Supplied material:
[Start of Attachment]

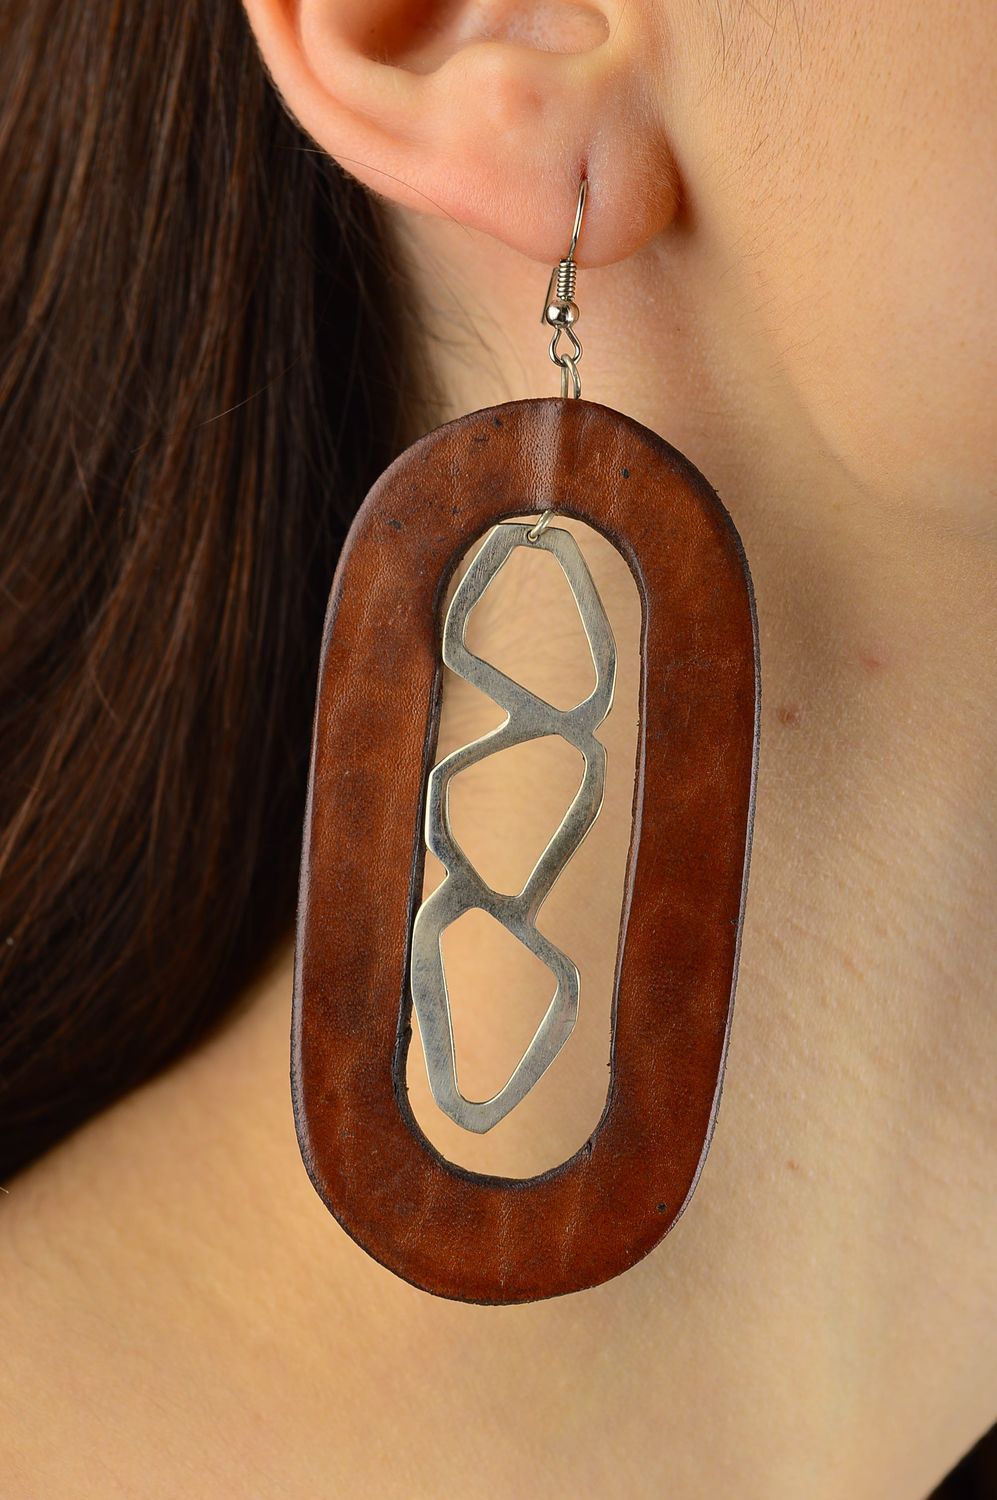 Large handmade leather earrings costume jewelry designs best gifts for her photo 1
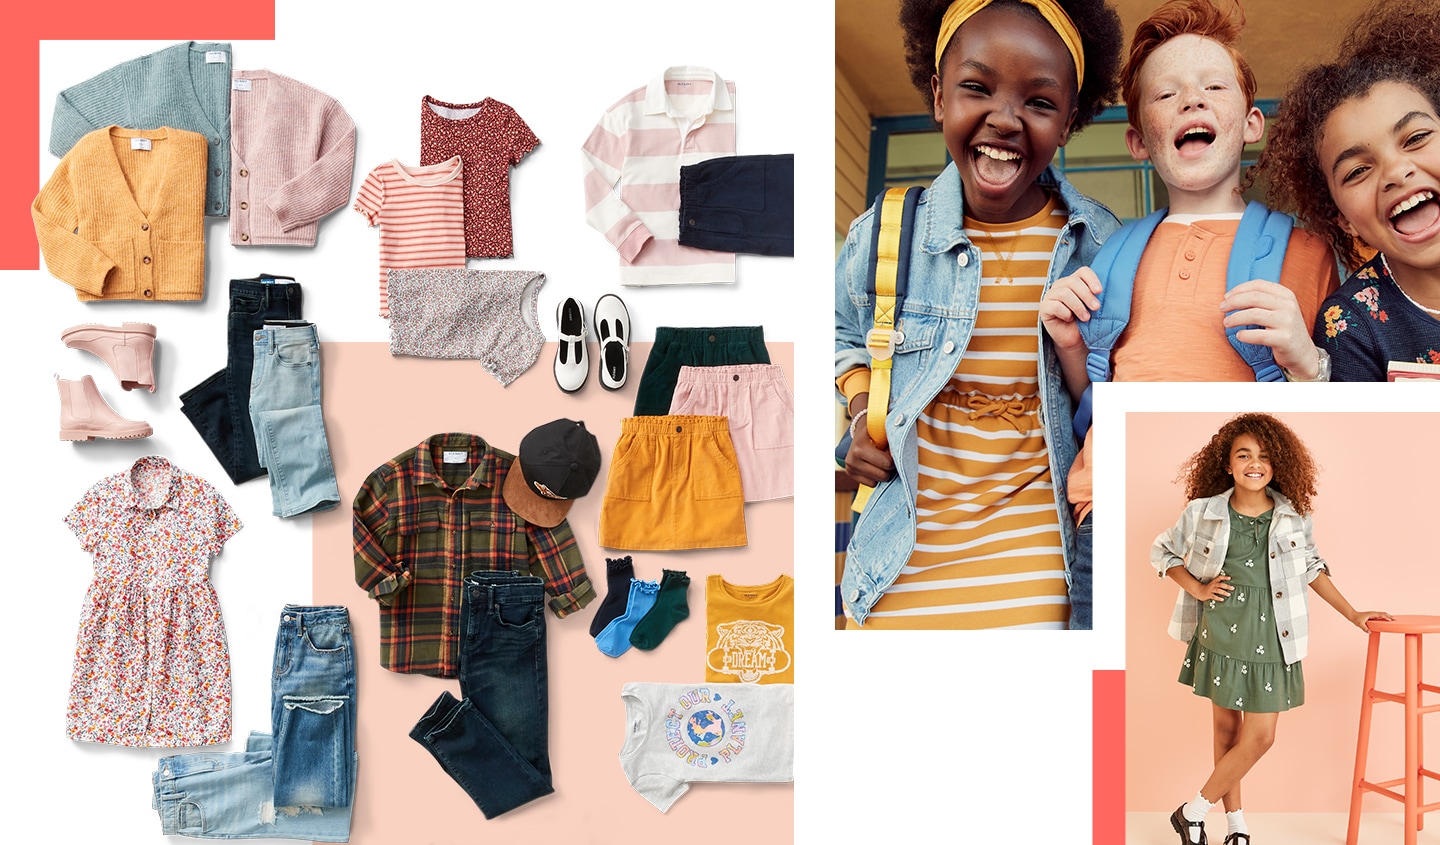 A layout of cardigans, dresses, corduroy skirts, flannels, andstriped tees in various fall colors.
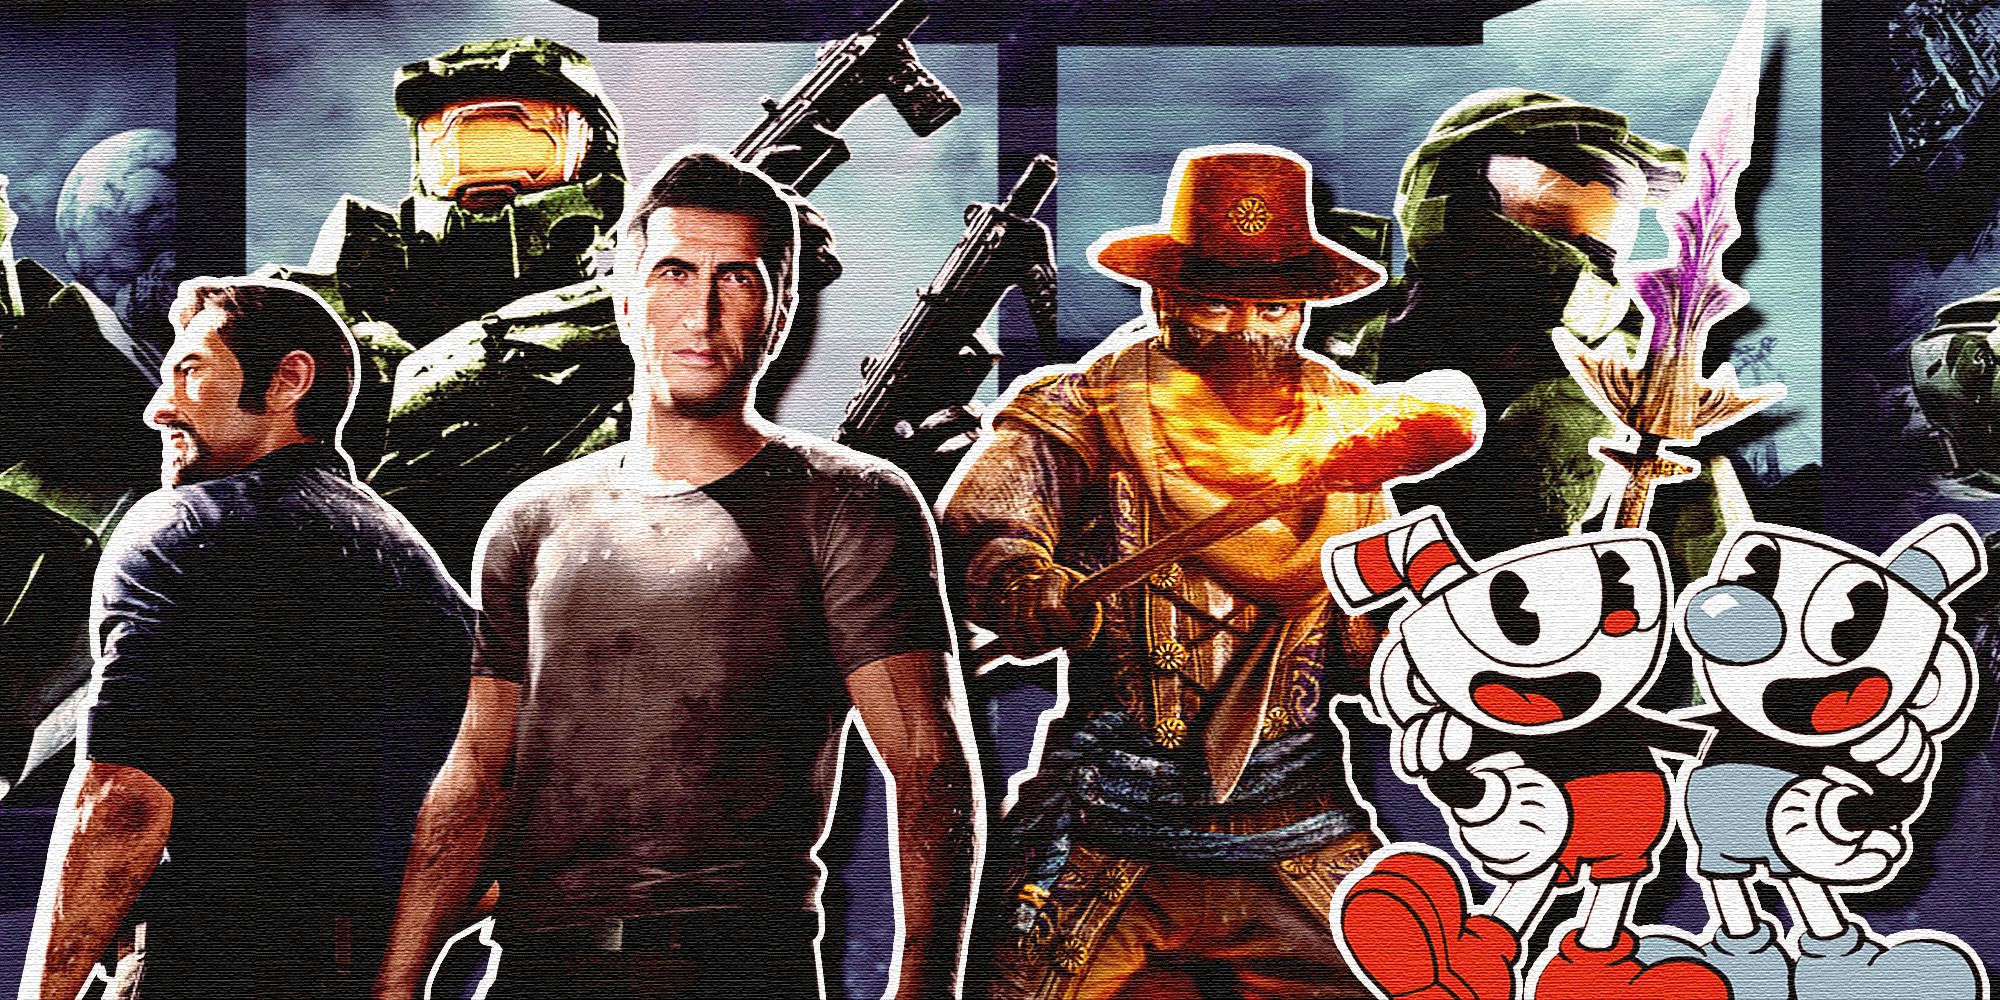 Vincent and Leo (A Way Out) standing next to an avatar character (Outward) and Cuphead and Mugman (Cuphead). In the background is Master Chief.
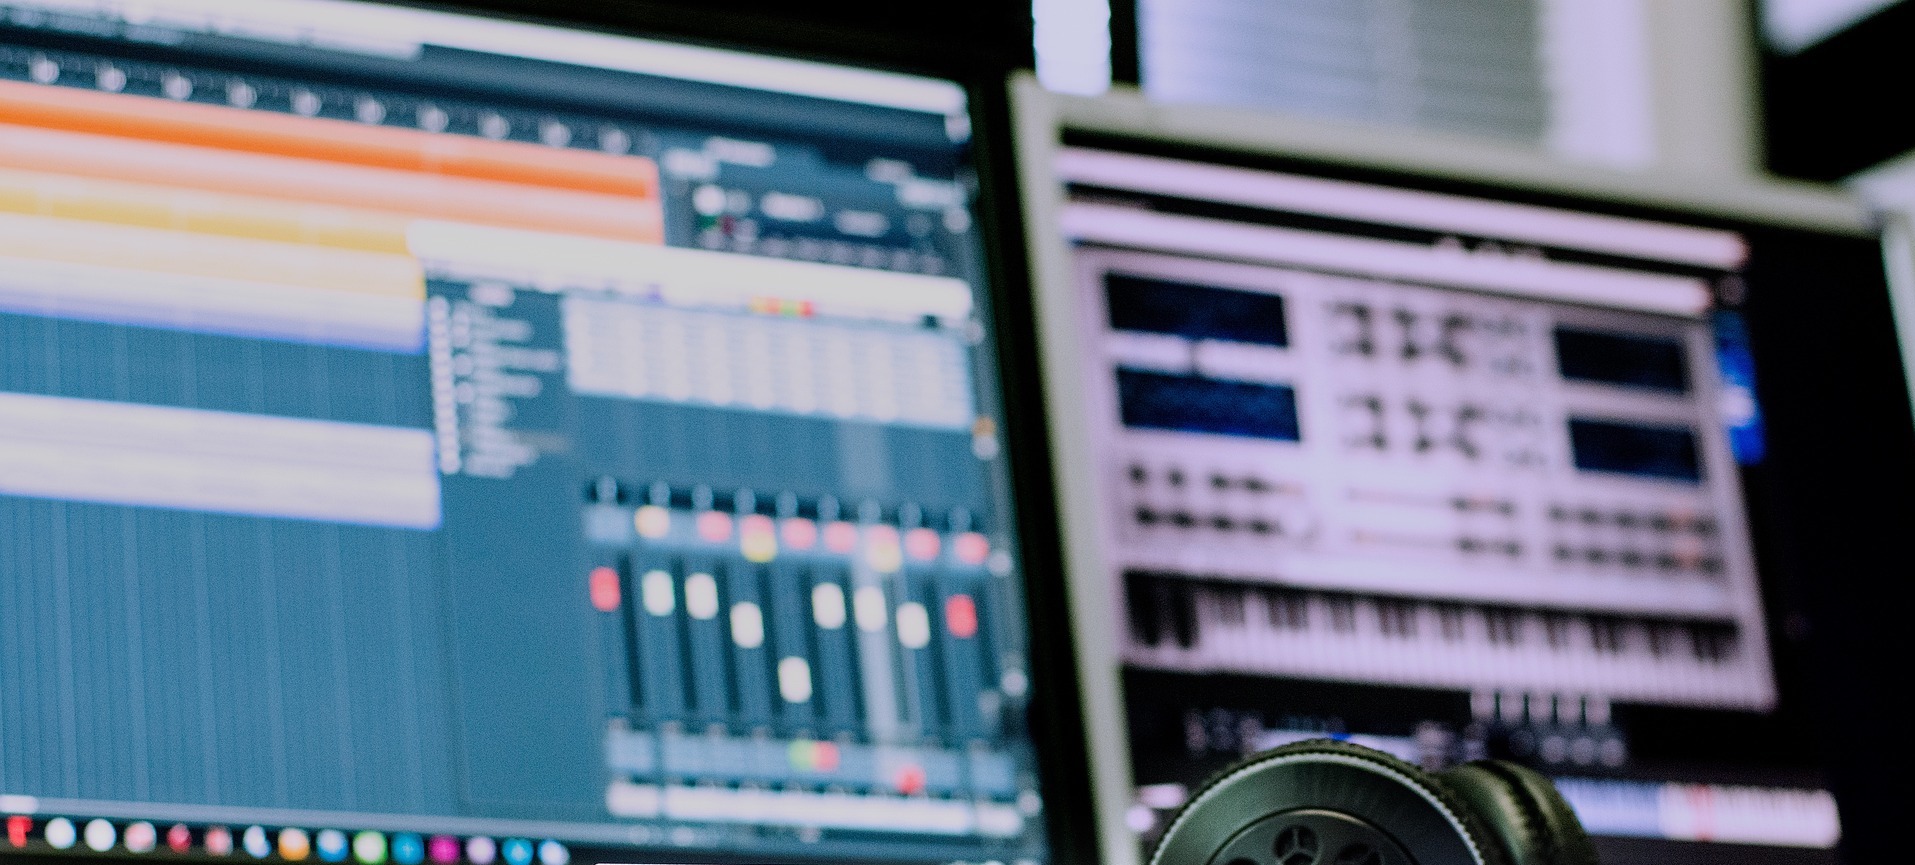 Read more about the article How to prepare your mixes for mastering

[End of Attachment]

Work order: Starting at the line that contains "A layout of", please write out each line through the last line of the data, both ends included, and keep pictures out of the copy.

Result for this exercise:
 A layout of cardigans, dresses, corduroy skirts, flannels, andstriped tees in various fall colors.
 Vincent and Leo (A Way Out) standing next to an avatar character (Outward) and Cuphead and Mugman (Cuphead). In the background is Master Chief.
 Read more about the article How to prepare your mixes for mastering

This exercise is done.